The National Association of Broadcasters may regret asking Tim Robbins to give the keynote address at its annual gathering in Las Vegas yesterday. In a calling to account matched only by Stephen Colbert’s White House Correspondents Dinner speech in satire and sarcasm, the actor took it to the NAB for obsessing over the latest celebrity sex scandal, subscribing to narrow viewpoints and, in the case of radio broadcasters, adhering to a "national playlist" of music.
He launched into an apology to conservative talkers Rush Limbaugh, Sean Hannity, Bill O’Reilly "and Laura whatshername," noting that all had labeled him traitorous or unpatriotic for having called for more time to be given to U.N. weapons inspectors before deploying military force against Iraq.
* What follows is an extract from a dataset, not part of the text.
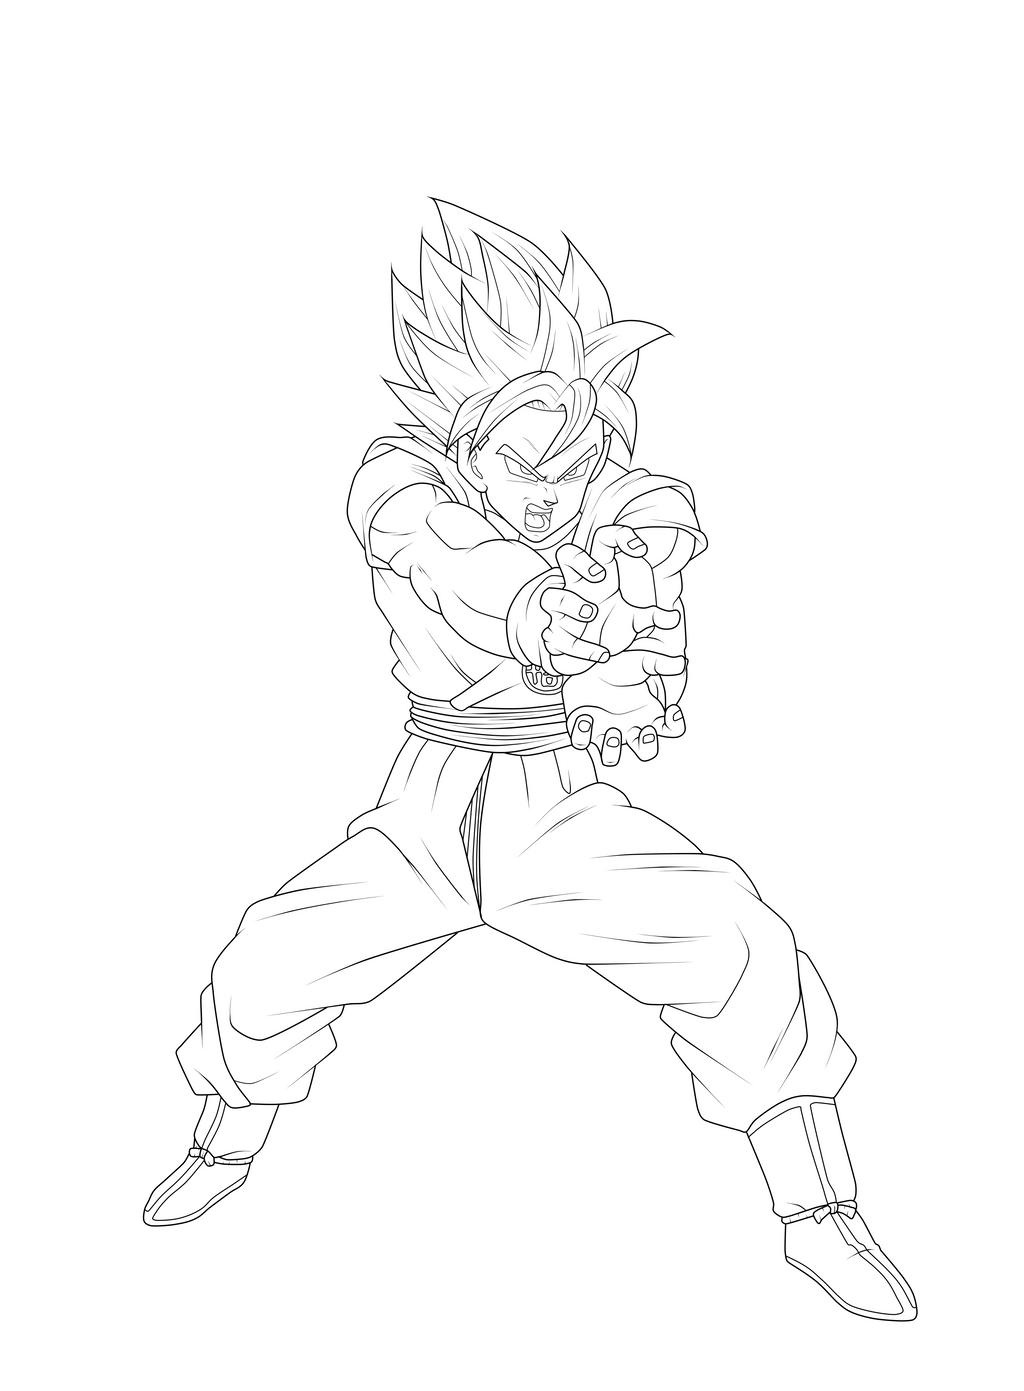 Goku Super Saiyan Blue Kaioken Lineart by ChronoFz on ...

"They said I was a dupe of left-wing appeasement ... and how right they were," Robbins quipped. "Had I known then of all the smiling faces" that now populate Iraq, "the wildfire of democracy that is spreading throughout the Middle East," he would not have spoken as he did, he said.
He added that he can see now that his words were indeed "traitorous, unfounded and irresponsible, so I apologize to the talkradio geniuses."
Robbins also took on the issue of media consolidation – in front of a crowd that supports it:
The fun started to get uncomfortable when Robbins referred to both the Reagan and Clinton administrations having eased limitations on media ownership -- all to the "benefit" of communities, which then no longer had to listen to diverse, complex opinions "or alternative rock." NAB has supported relaxing ownership rules.
He ended nicely with an appeal to the broadcasters to help turn the nation away from cynicism, to act as "guardians of the human spirit".